My hard drive finally got ambitious enough to bring six thumbnail-sized, head-and-shoulder Pauls up on my screen. I clicked on the first one, which promptly turned into a screen-sized Paul. I caught my breath. This photo had not been taken by Paul’s brother on his $400 Panasonic Lumix digital camera.
“Whoa. You look magnificent. I mean, you always look magnificent, but this thing is off the charts. Where’d you get the turtleneck and sport coat?”
“Wardrobe. The photographer had a closetful of cliché writer clothes in his studio.”
I clicked on the second thumbnail. Same basic shot, except studied calm instead of intense glowering. The third and fourth replicated the first two but with a left profile instead of a right. I whistled.
“I can’t tell which is your ‘better side.’ Left and right both look great.”
“You don’t really need to look at five and six,” he said. “They added a prop. I’m a little embarrassed about them.”
I instantly clicked on the fifth thumbnail.
“A pipe? A pipe?
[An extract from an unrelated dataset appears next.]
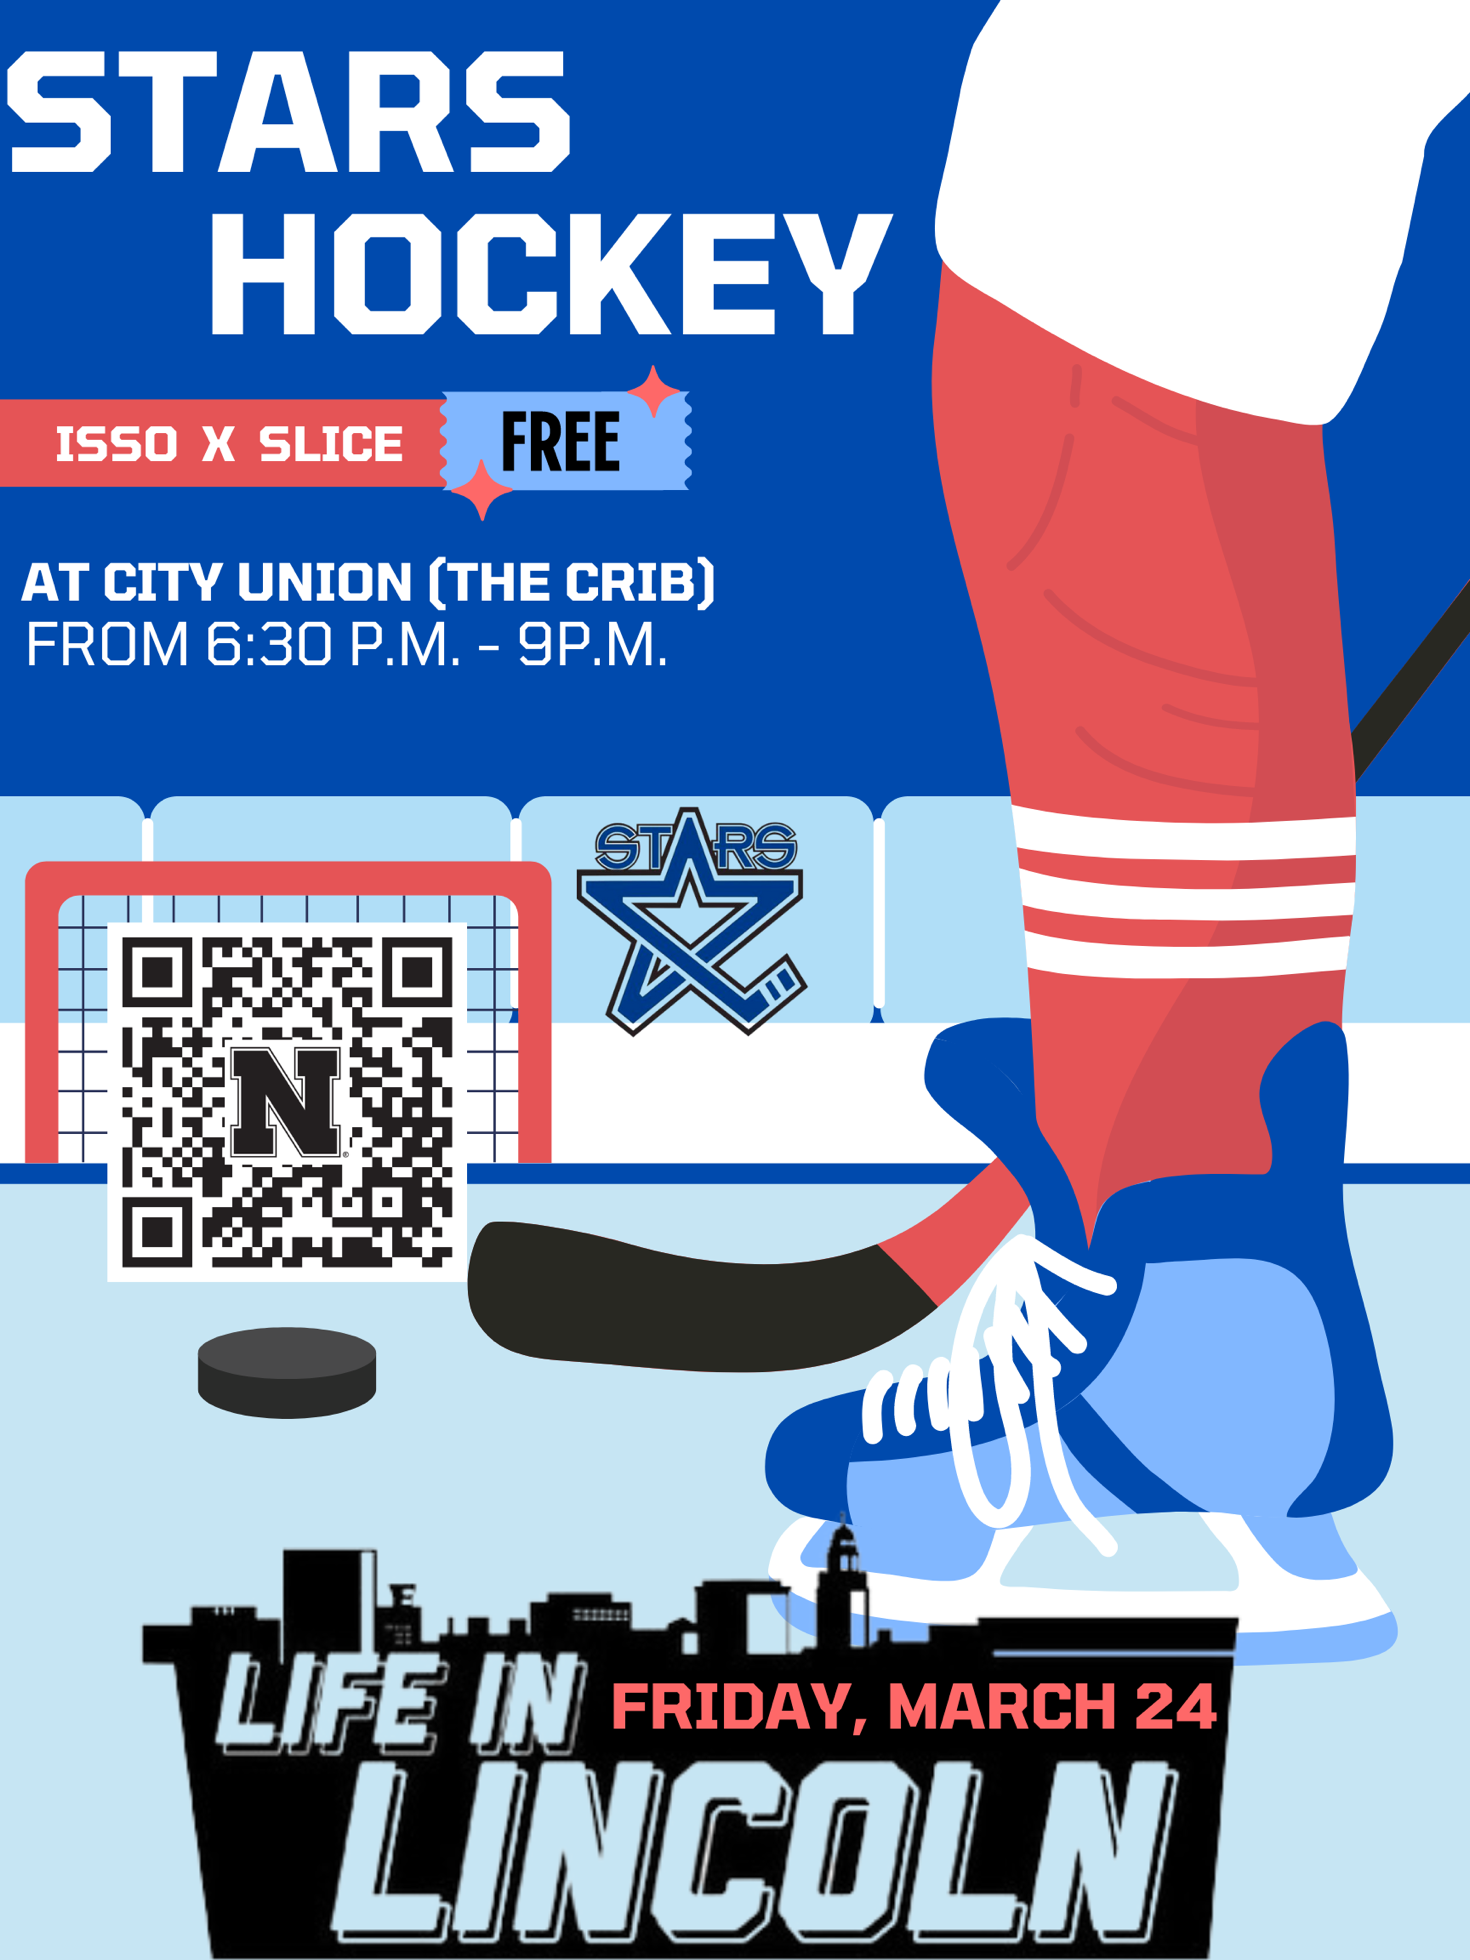 Life in Lincoln Stars Ice Hockey Game Announce University of

Have you ever smoked a pipe in your life? And bongs don’t count.”
“We were going for a Faulkner look.” He had the grace to sound sheepish.
“So Widget is going to see a farm boy gratifying himself with cows?”
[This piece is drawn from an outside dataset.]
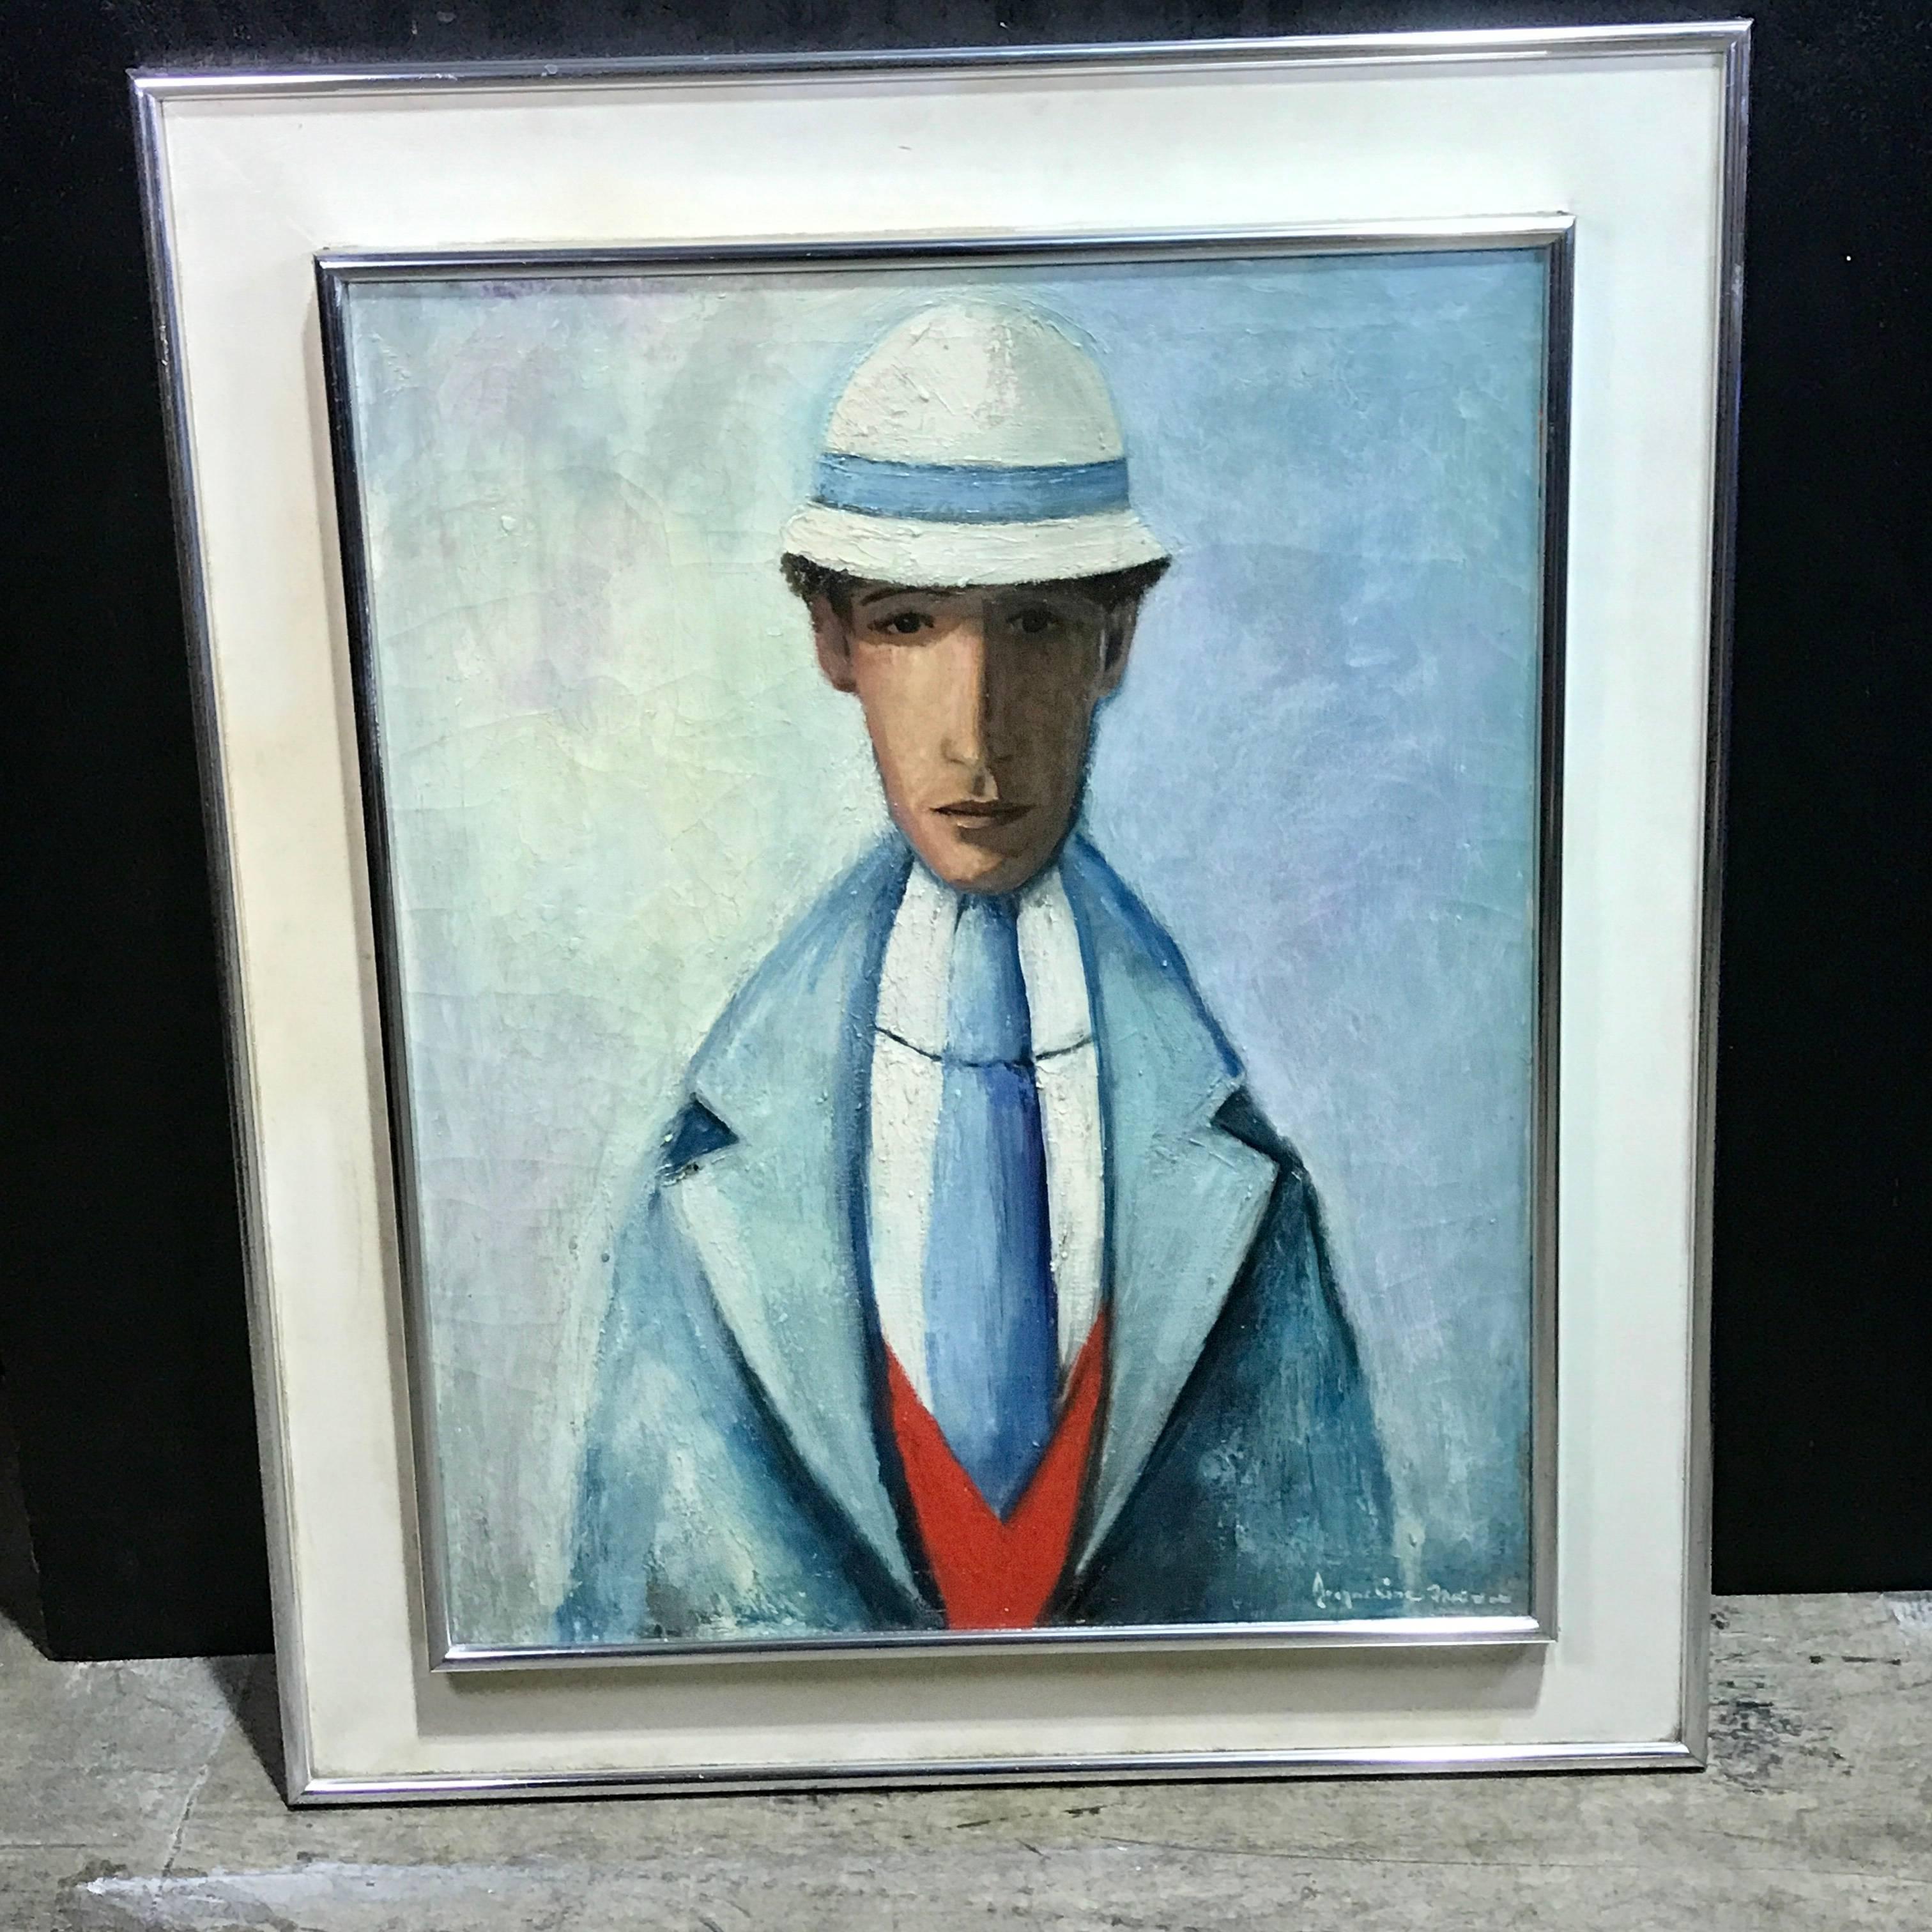 French Midcentury Portrait of a Man by Jacqueline Fromenteau 1

“You can’t seriously be reducing William Faulkner to a handful of gothic southern stereotypes, Cindy, he—”
“I’m just goofing on you, lover. You actually look natural with the thing. So this is your agent’s first step to marketing you?”
“It’s kind of a preliminary thing. He’s still thinking me over. But I’m starting to feel pretty good about it.”
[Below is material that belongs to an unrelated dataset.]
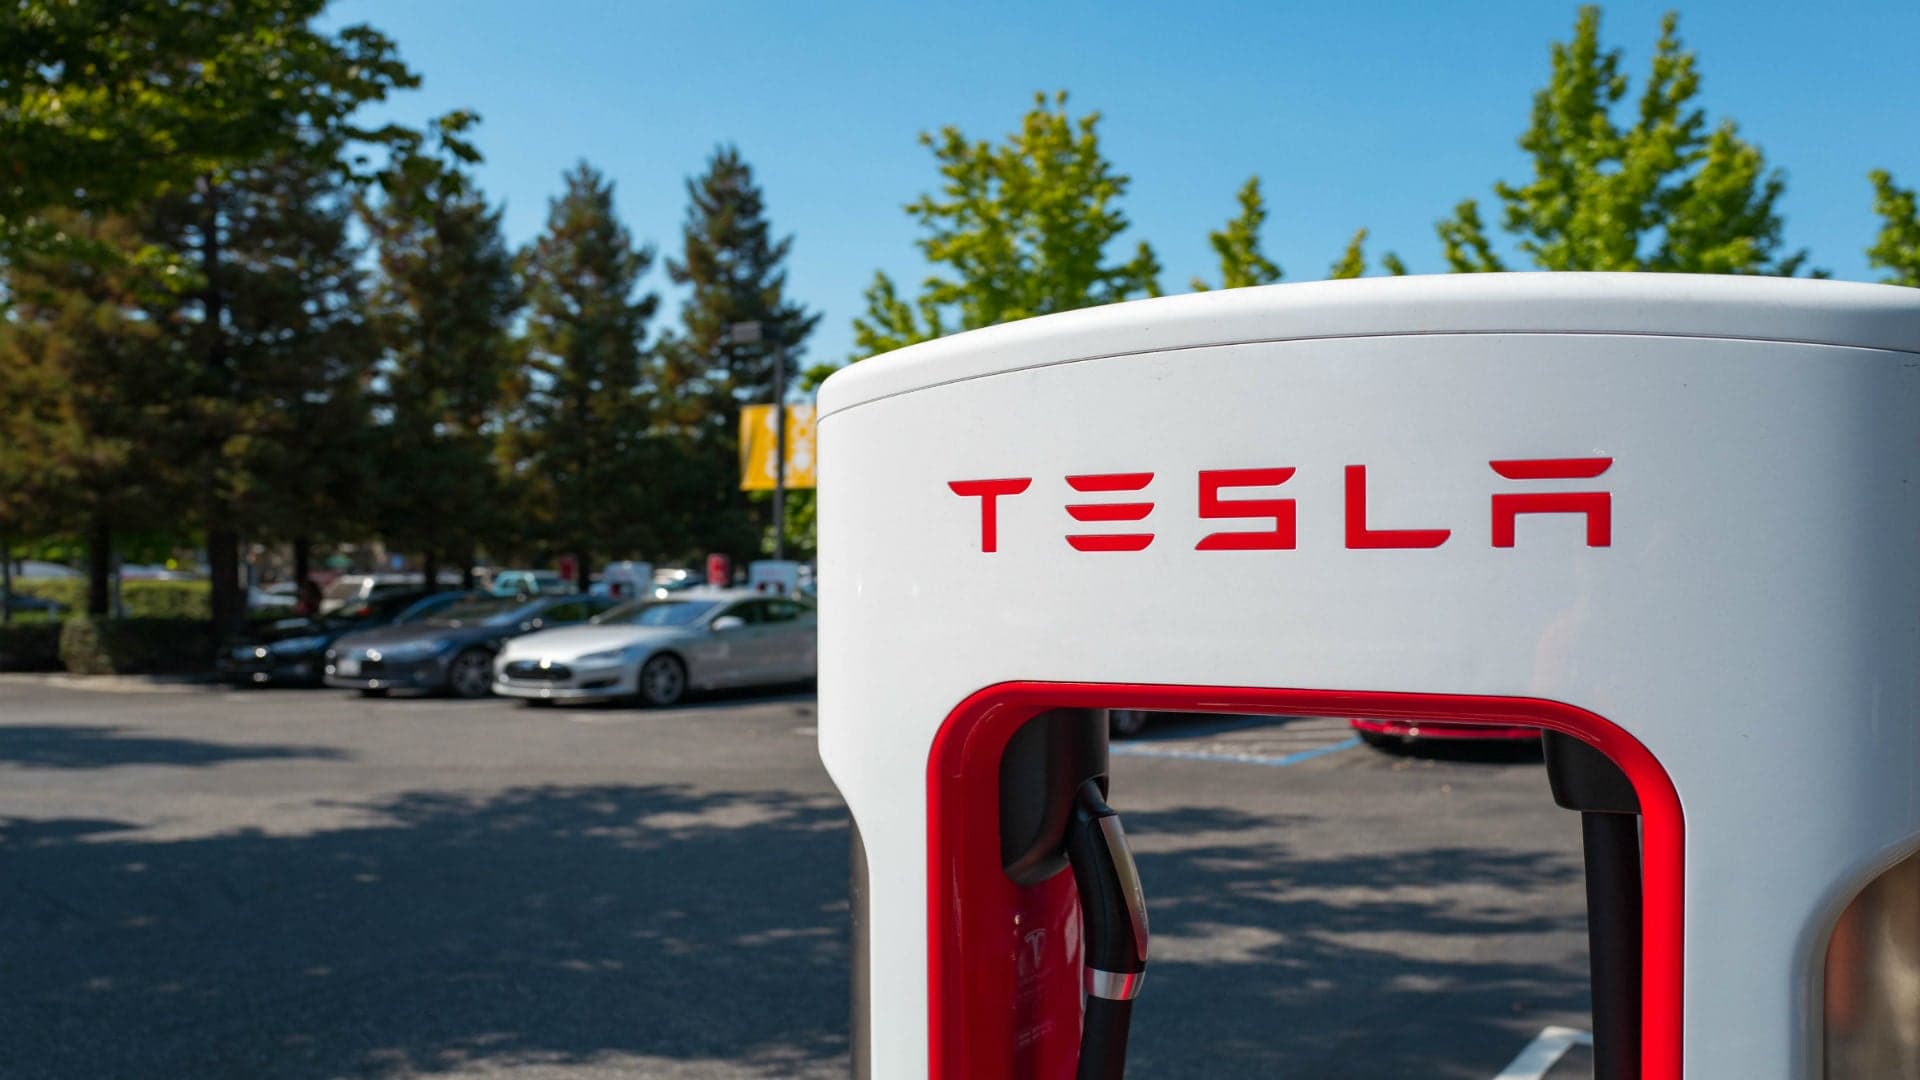 Solar Eclipse Traffic Made Tesla Supercharging Almost Impossible in Some Places

“Okay. Fingers crossed. And keep yours crossed for me. The preorientation at Calder & Bull is on Thursday. I’m flying to New York tomorrow. They’re putting us up at the
Sofitel. If you find your way there, look me up.”
“If there’s any way I can get there I will.”
“Only if you can do it without hitchhiking. You have the great American novel to write. Henry Widget is a jealous mistress.”
“You are the absolute best.”
I went to sleep that night remembering the dreamy wistfulness in his voice and anticipating that unforgettable blend of carbon monoxide and ozone that blasts your nose the second you hit the sidewalk in New York City on a weekday morning.
Chapter Twenty-seven
I brought my TravelPro to the office Wednesday morning and caught a cab for the airport over the lunch hour. When Vince wished me good luck and Godspeed that morning he’d kept his tone light, but I could tell from his eyes that he felt like I was going away for good instead of for about thirty-six hours. And in a way, of course, I was.
The trip to New York was painless. As the plane moved away from Pittsburgh at five hundred miles an hour, my spirits rose at roughly the same rate. I spent the flight plowing through the Times and brushing up on the cheat sheet I’d made with all the dope I could find about everyone who was important at Calder & Bull. The cab ride was a breeze and the Sofitel had my room ready for me. The fact that it had been reserved by Calder & Bull instead of by The Law Office of Luis Mendoza probably had something to do with that.
The first thing I saw when I walked into the room was an array of white, yellow, and red roses set off prettily by baby’s breath in a clear glass vase. I couldn’t believe it. I caught my breath, realizing that I was looking at two days’ wages at McDonald’s. I ran over to bury my face in the rich scent and retrieve the card:
The Greeks sent a thousand ships to Troy over a woman who couldn’t shine your shoes. Good luck tomorrow—and take no prisoners.
Love, Paul
By now, I was way, way up there. I didn’t have a net, but I didn’t think it mattered.